### [Your task]
Please give back word for word the lines of the material below between the line containing "SEGUSO Vase, 1950 ca." and the line containing "Hometown Dental | Sedalia, MO", inclusive.

### [The data]
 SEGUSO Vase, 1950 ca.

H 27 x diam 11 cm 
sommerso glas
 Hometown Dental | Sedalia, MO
---
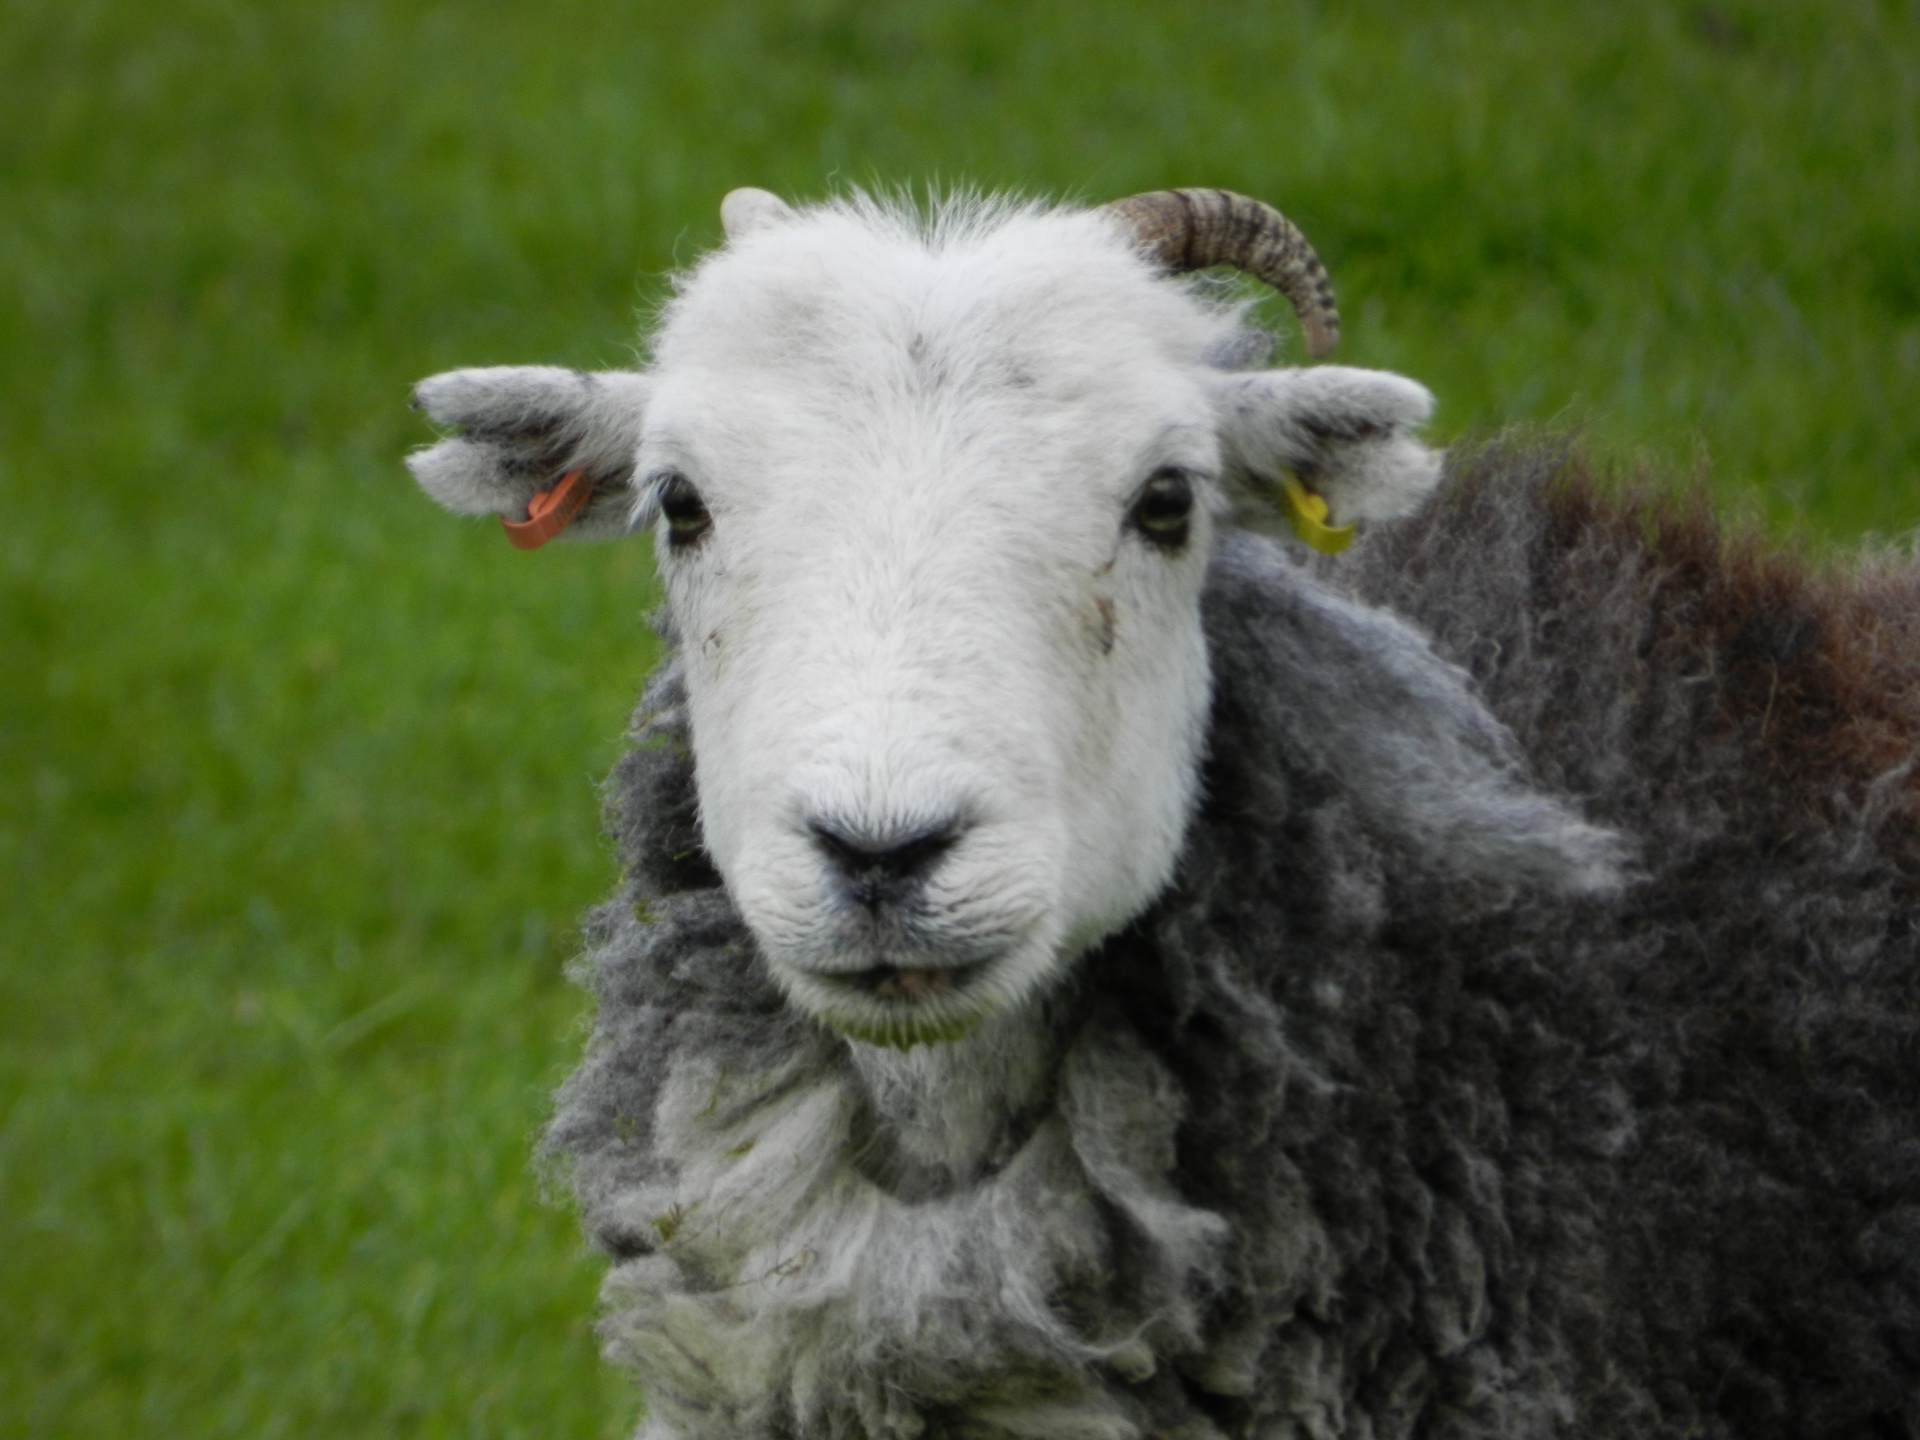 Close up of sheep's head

### [Exercise output]
 SEGUSO Vase, 1950 ca.

H 27 x diam 11 cm 
sommerso glas
 Hometown Dental | Sedalia, MO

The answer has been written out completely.